Rainy spring played havoc at cemetery
Some Memorial Day weekend visitors to Greenway Cemetery complained to The Morgan Messenger about the general condition of the grounds. In some places, the grass and weeds were three feet high.
Bath Mayor Susan Webster has also heard complaints.
“I understand some people have been complaining about the grass up there. I know the weather has been horrible with the rain. The weather hasn’t cooperated at all,” Webster said.
Greenway Cemetery is maintained by the tax-exempt Town of Bath Cemetery Management & Maintenance Corporation.
Rain, rain, more rain
“What we have been having problems with is all this rain.” said Irene Hedrick, president of the cemetery corporation board as well as Bath Town Recorder.
“We only have two
mowers and two people mowing and in a normal
season we can keep up with it. But with all the rain we have had this spring, it has taken three weeks just to mow the whole cemetery once,” she said.
Hedrick explained when
it is as wet as it has been this year, it’s dangerous to mow on the hillsides for fear of turning over a mower. Also, when the grass is too wet, you can’t mow because of the wear and tear on the equipment.
“I would hope the public would understand that,” she added.
So far this year, workers have only been able to
mow one or two days a week because of all the rainy days.
“This is the first week that we have been able to work all five days,” Hedrick said last week.
Workers have mowed the whole cemetery once and most of it twice except the hillsides twice. They continue to work on it.

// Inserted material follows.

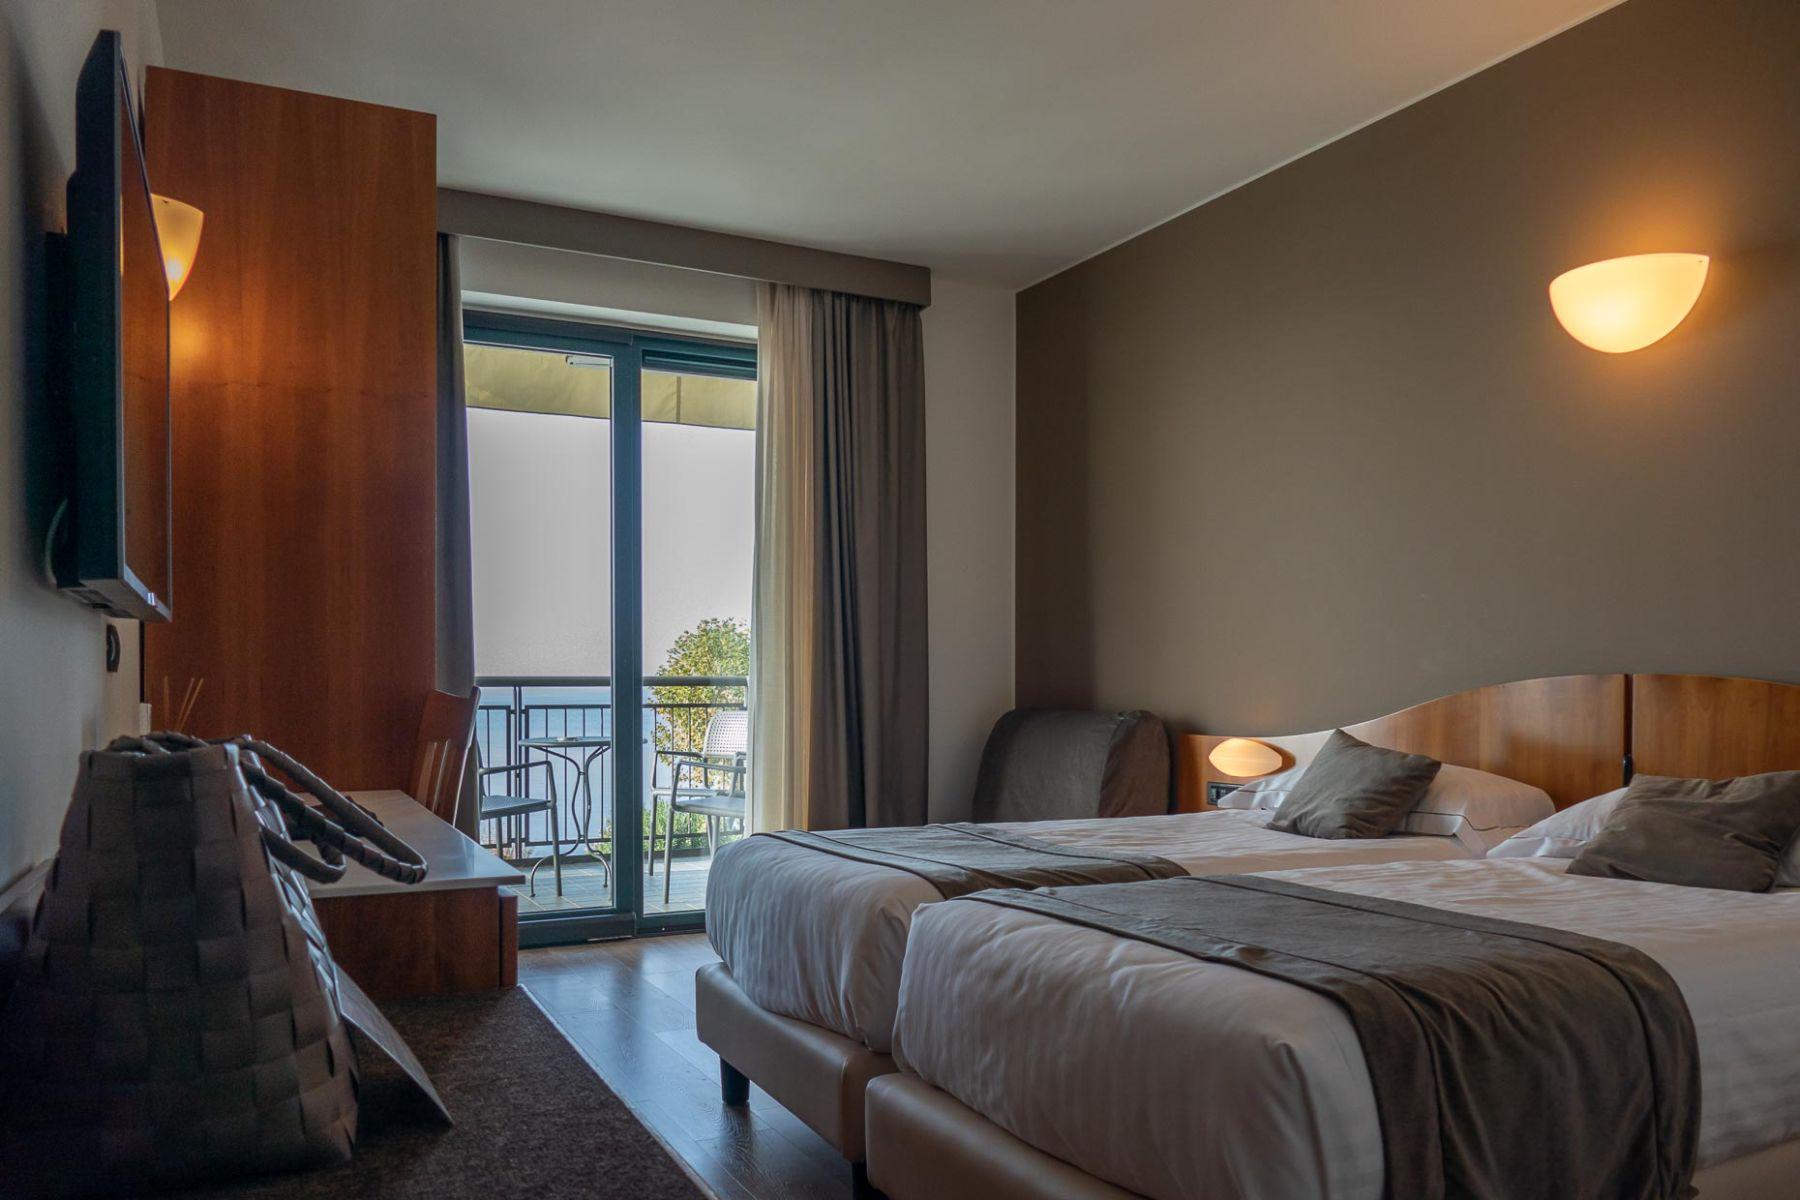 Gallery Hotel Bardolino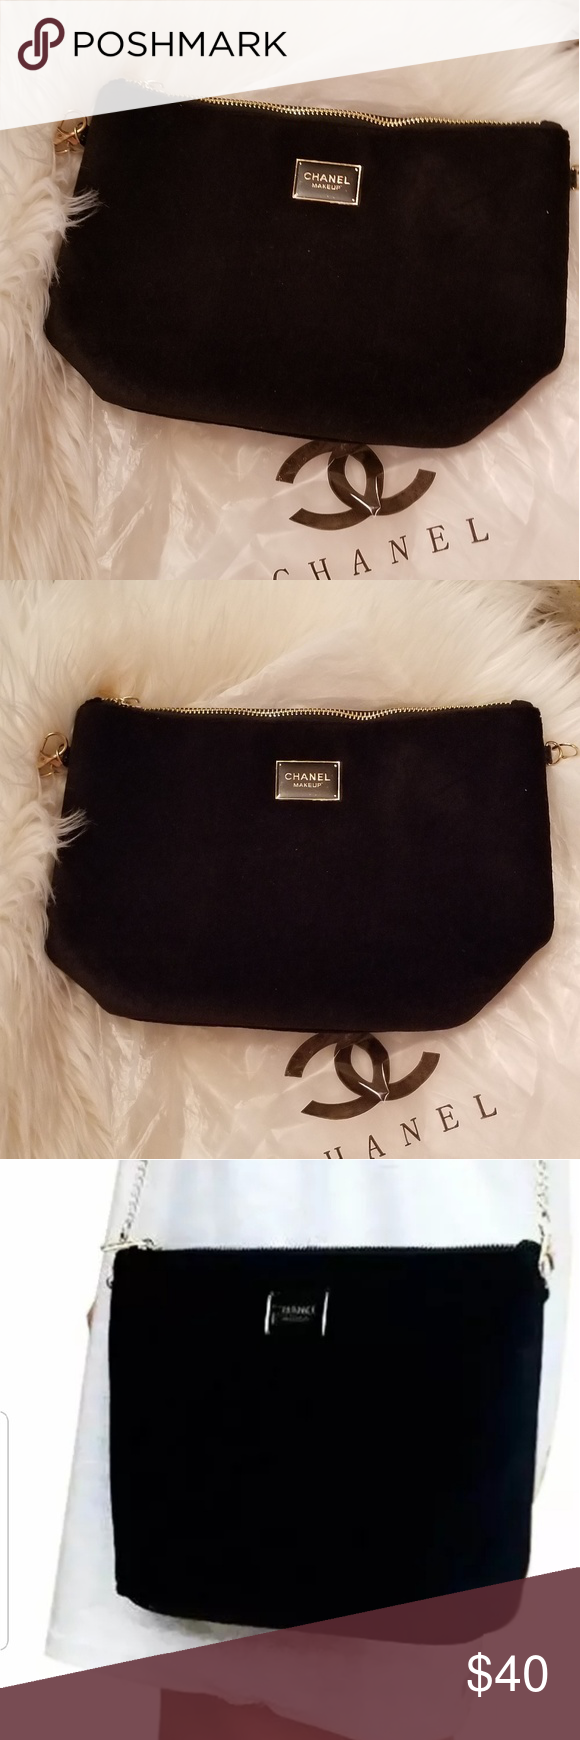 CHANEL Black Velvet Zip Makeup Bag Makeup bag, Chanel

A drive through Greenway Cemetery on Friday revealed that the east side of Greenway Drive was recently mowed while much of the west side of the cemetery was covered with high grass.
“With all the rain, the grass and weeds have just been growing too fast to keep up with. We should be caught up with mowing about the first of July,” she said.
Hedrick said she talked to the mayor about getting help from the town crew but with so few good days, it wouldn’t have made much of a difference.
Webster said last Thursday that she would talk to Councilman Scott Merki, who chairs the town’s Public Works Committee, to see if the crew had time to lend a hand with mowing at the cemetery.
Finances tight
Hedrick said the corporation can’t afford to buy more riding mowers, hire more workers or pay overtime for weekend work.
“We are not completely out of money, but we are stressed for money. We are living frugally,” she said.
The corporation is mostly funded by the interest from a $150,000 perpetual care trust fund at CNB Bank.
The perpetual care fund was started in the late 1960s, but through the 1970s, people who bought grave sites only paid $50 for perpetual care.
Today, Hedrick said, more than half of the cost of each gravesite is put into the perpetual care fund.
“But we have only sold one grave site in the last year,” she said, since more people are opting for cremation these days because of the economy.
Other money comes from selling gravesites, fees for opening graves and an occasional donation. A cemetery lot for eight graves costs $3,800. It costs $748 to open a grave site for a coffin and $175 for a cremation, she said.
“We welcome donations and we get donations occasionally, but usually nothing big,” Hedrick said.
CNB Bank recently donated money to remove a dead tree from the cemetery, she said.
Due to the economy, falling interest rates and more people opting for cremation, operating funds have declined.
“We were unable to give our workers a pay raise this year,” Hedrick said.
Asked if the corporation ever takes money out of the perpetual care trust fund’s principal, Hedrick said, “Nobody has ever dipped into a dime of it. We are getting by on the interest and don’t touch the principal.”